Thursday, April 16, 2026newsletter

Someone traced why KV cache INT4 quantization catastrophically destroys Qwen2-7B (perplexity blowing out by 238 points while Falcon-40B barely blinks) and found the culprit in the key cache distribution.

Twelve models tested, no calibration required, four lines. That's the work. That's what good engineering looks like when someone bothers to ask "why" instead of just blacklisting the model and moving on.
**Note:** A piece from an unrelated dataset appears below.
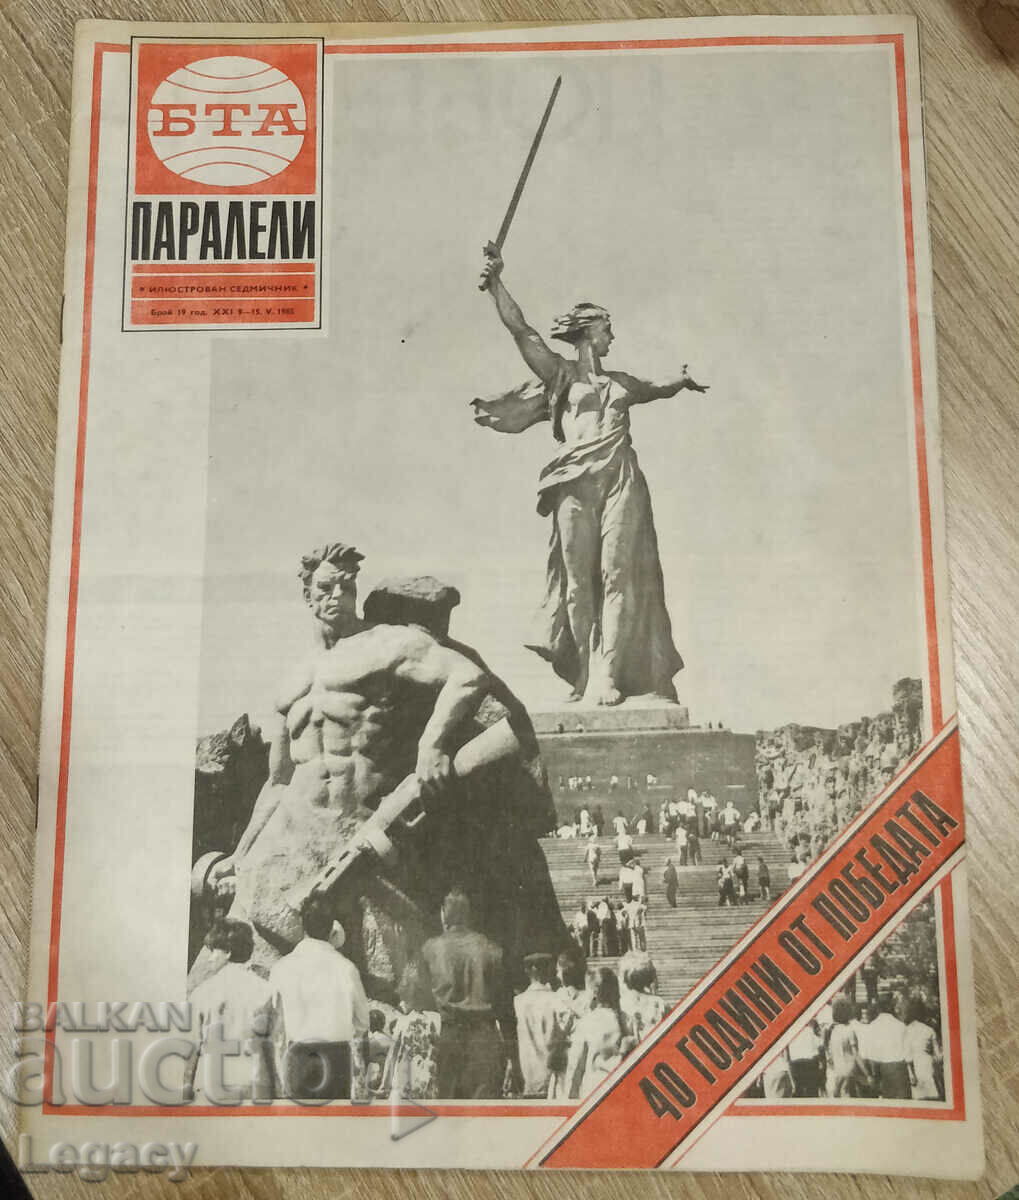 1985 Magazine BTA Parallels - 40 de ani de la victorie, numărul 19
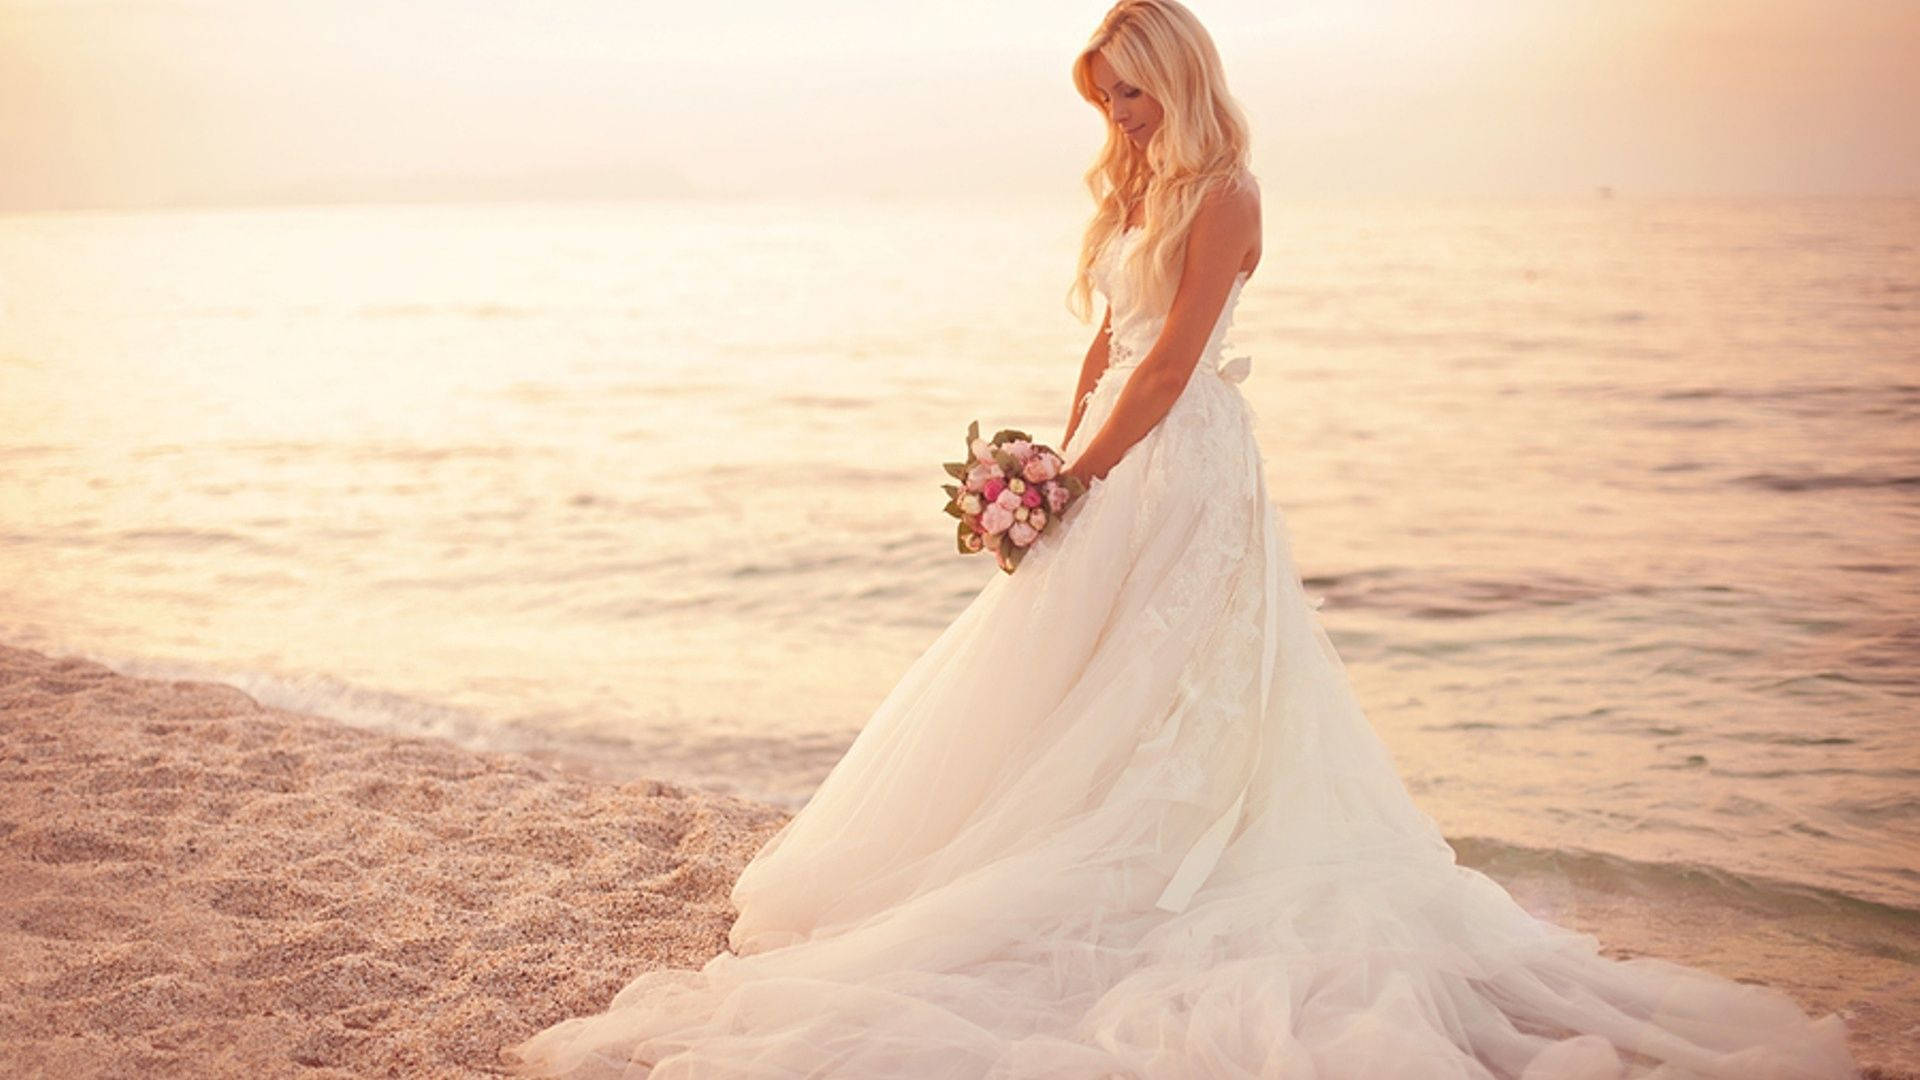 Bride On The Beach

Related in spirit: a 1.7B Qwen3 fine-tuned on synthetic data from noisy production traces outperforming GLM-5 at 744 billion parameters on tool-calling tasks. Reminded me of something Feynman told me once about the difference between understanding a system and merely scaling it — the point stands regardless. You can get 437 times smaller if you know your domain and your data. The benchmark is real, the code is open, and the number is uncomfortable if you're currently renting time on a frontier model for structured tasks.

The async framework benchmarks are grimly satisfying to anyone who's been in production long enough. LangChain's "async" implementation is synchronous IO wrapped in a ThreadPoolExecutor. The surprise is that anyone is surprised. These abstractions were built for demos first and production second, and they show under load. LlamaIndex comes out better, but "less bad" remains its own category.

Windows Recall continues its remarkable career as a cautionary tale. Microsoft spent a year redesigning its "privacy nightmare" screenshot surveillance feature to be secure, and TotalRecall Reloaded found a side door into the database anyway. The vault is solid; the delivery truck is not. That's the actual quote from the Ars piece, and I could not have said it better, though I did say something similar about the Maginot Line to someone who should have listened.

Simon Willison shipped Datasette 1.0a27 and swapped out CSRF token handling for Sec-Fetch-Site header protection. Quiet, considered, correct. He's been on this project long enough that each alpha feels less like a release and more like a craftsman squaring a corner.

The agent memory benchmarks are damning: Mem0 at 49% recall, Zep burning 340 times the tokens for 15 points of gain. Every current approach is either too dumb, too expensive, or too clever by half. This is the unsolved problem at the center of agent systems in 2026, and the leaderboard performance people cite at conferences has nothing to do with how these things actually behave when a user asks a question they asked three weeks ago.

The craft is happening at the edges. The centers are mostly holding press conferences.